== DATASET EXTRACT ==
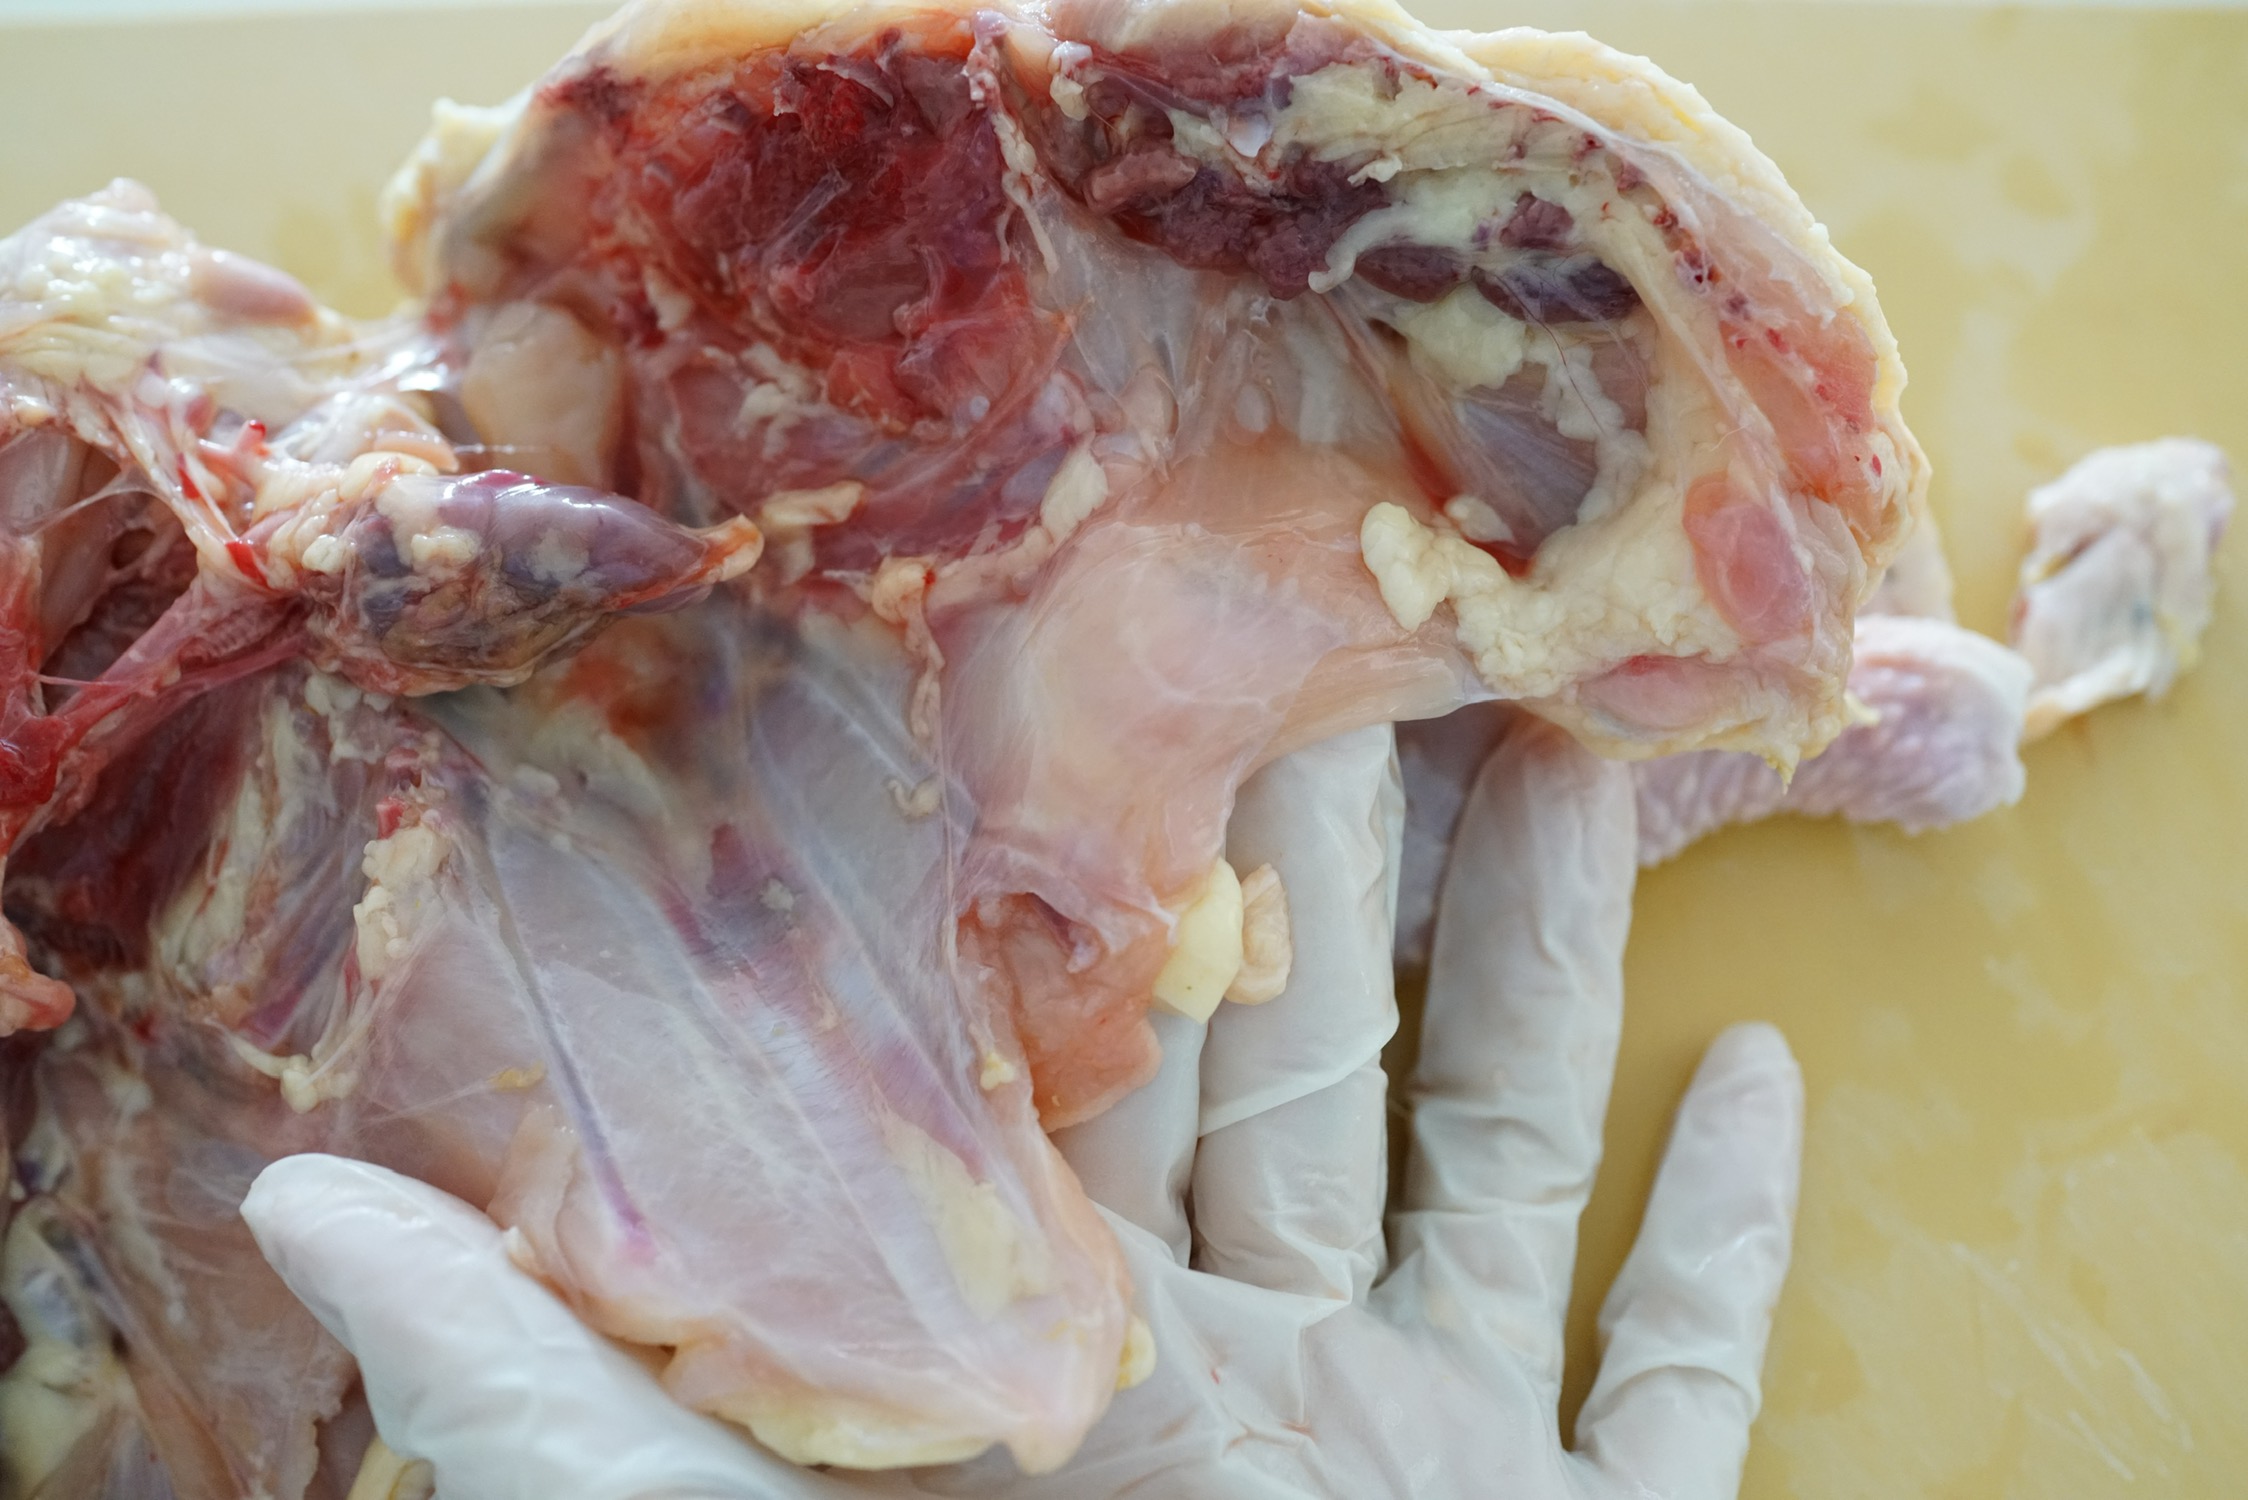 鸡94的横膈膜ハラミ,一层薄薄的肉膜,大部分切割方式会舍弃不
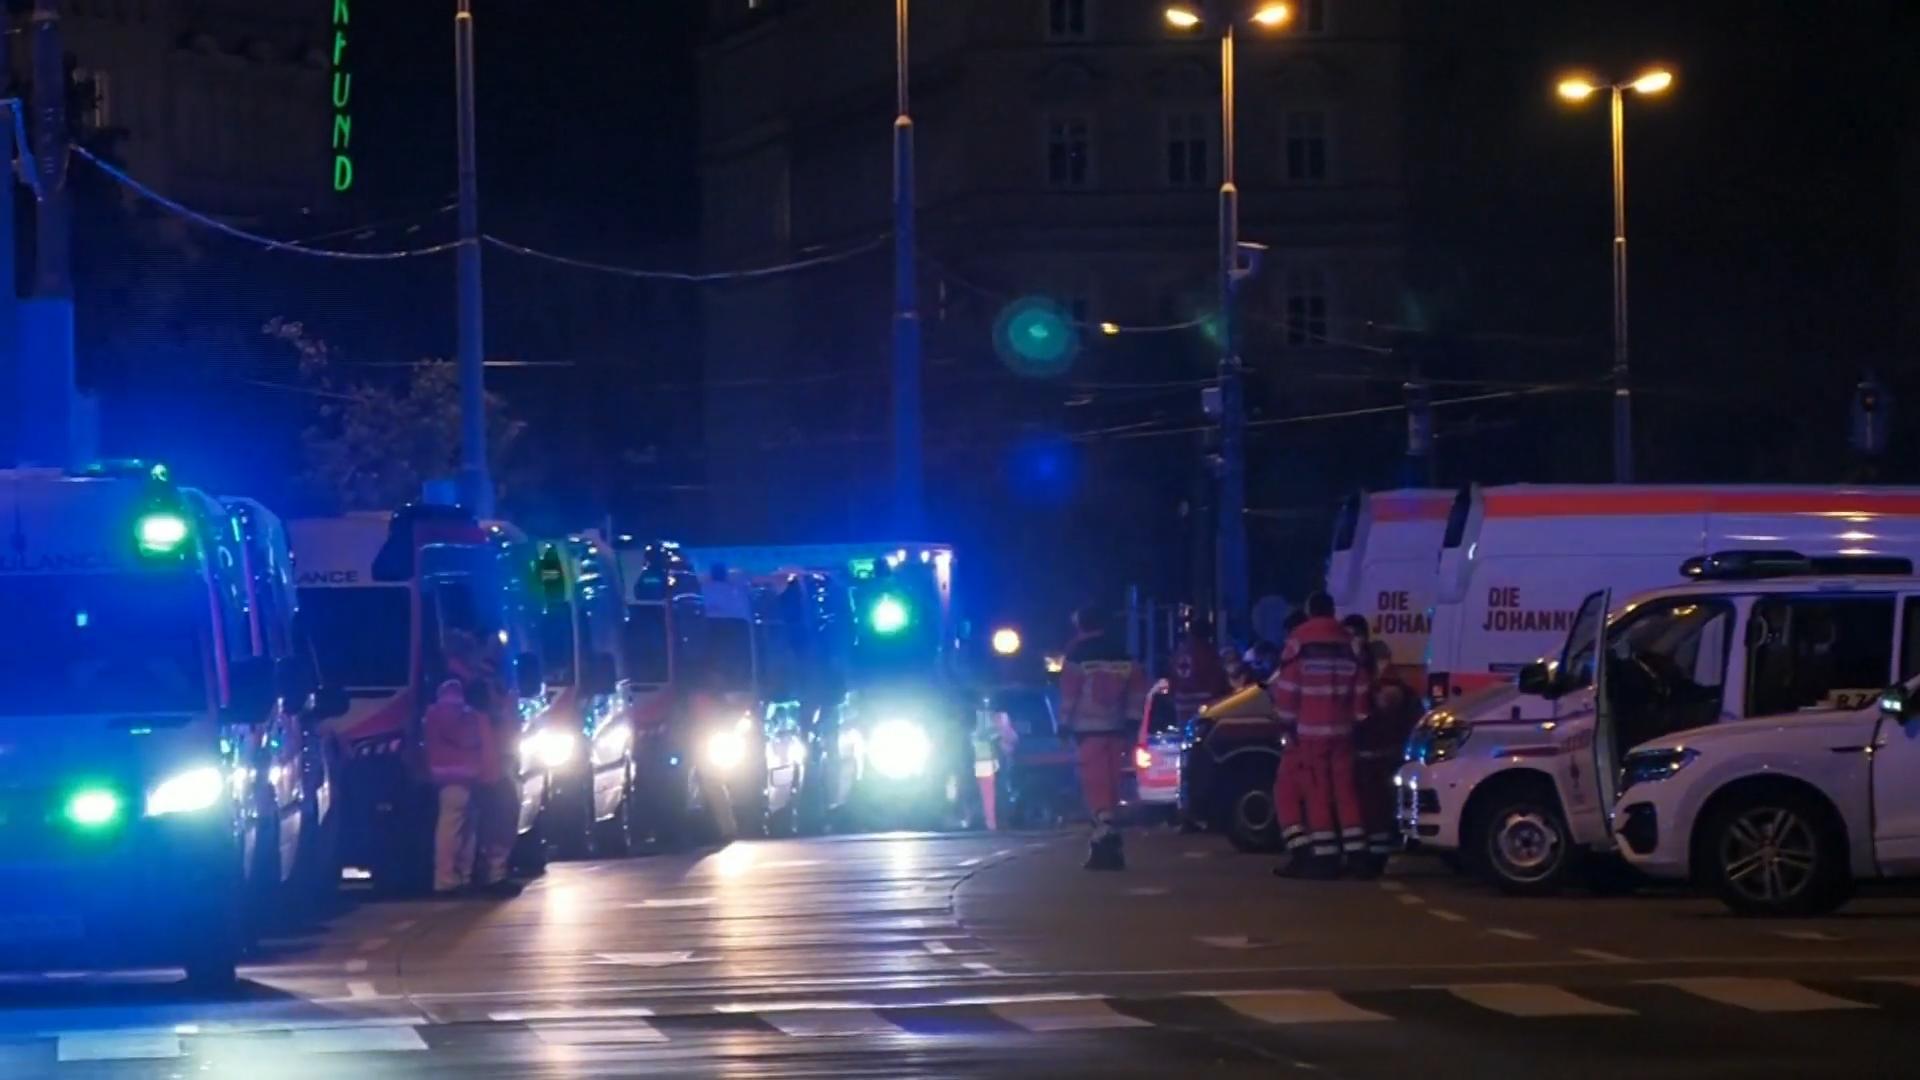 Terroranschlag in Wien Chronologie der Ereignisse
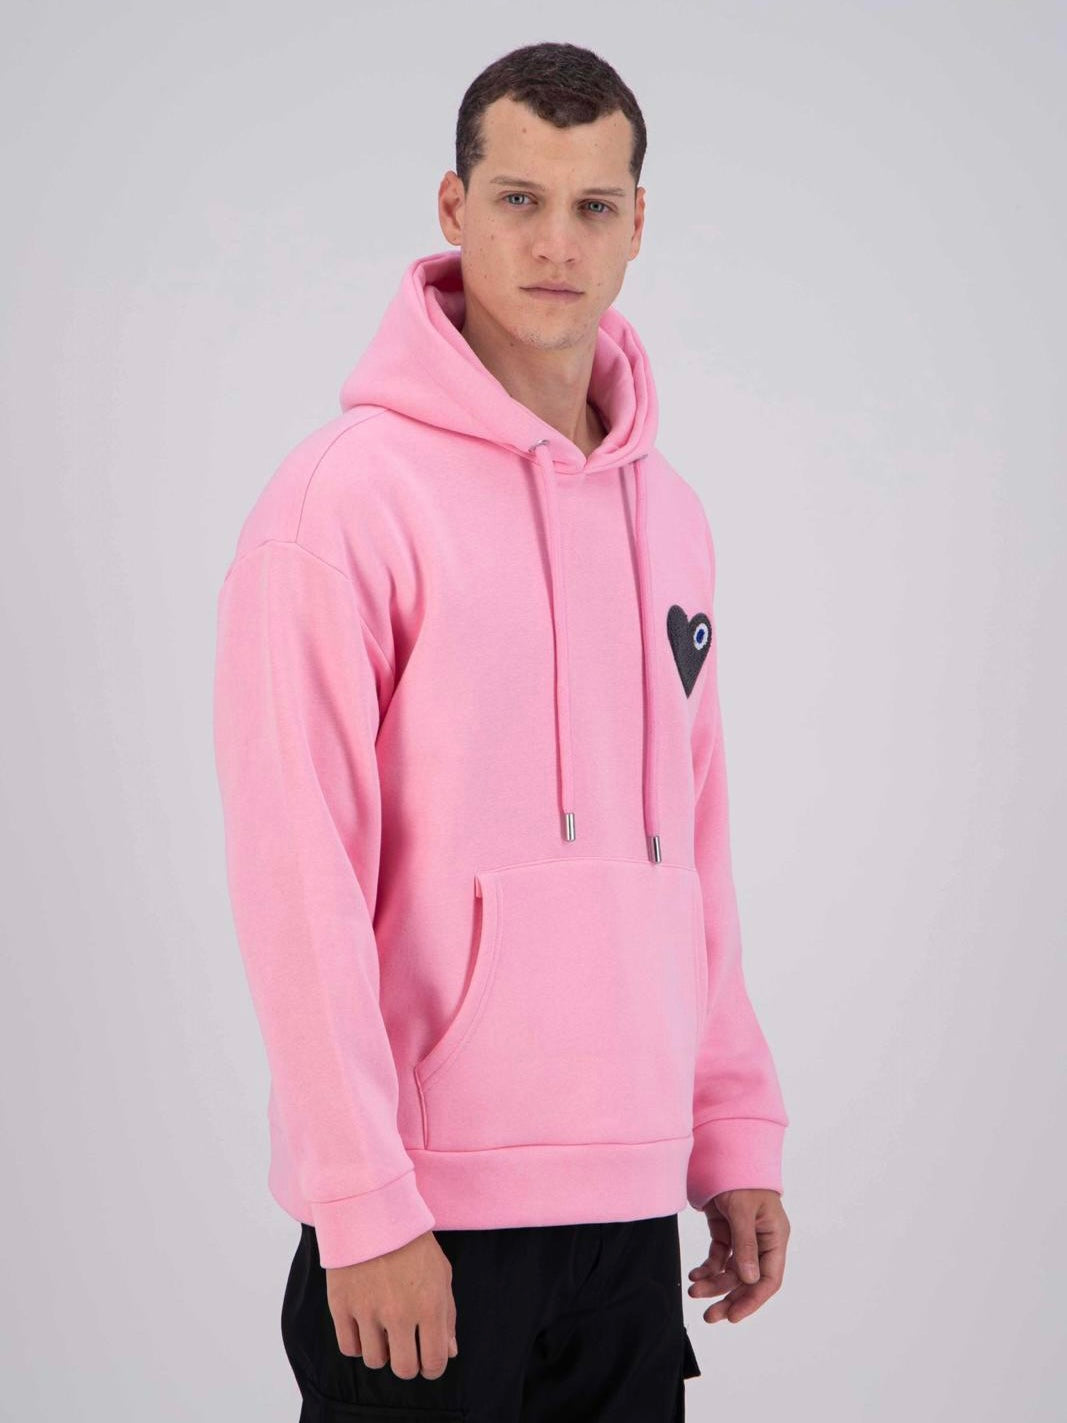 ADJ - Pink hoodie Black heart
===
# TASK TO CARRY OUT
What is needed is the full material, retyped unchanged, with no pictures in it.

# SOLUTION TO THIS EXERCISE
 鸡94的横膈膜ハラミ,一层薄薄的肉膜,大部分切割方式会舍弃不
 Terroranschlag in Wien Chronologie der Ereignisse
 ADJ - Pink hoodie Black heart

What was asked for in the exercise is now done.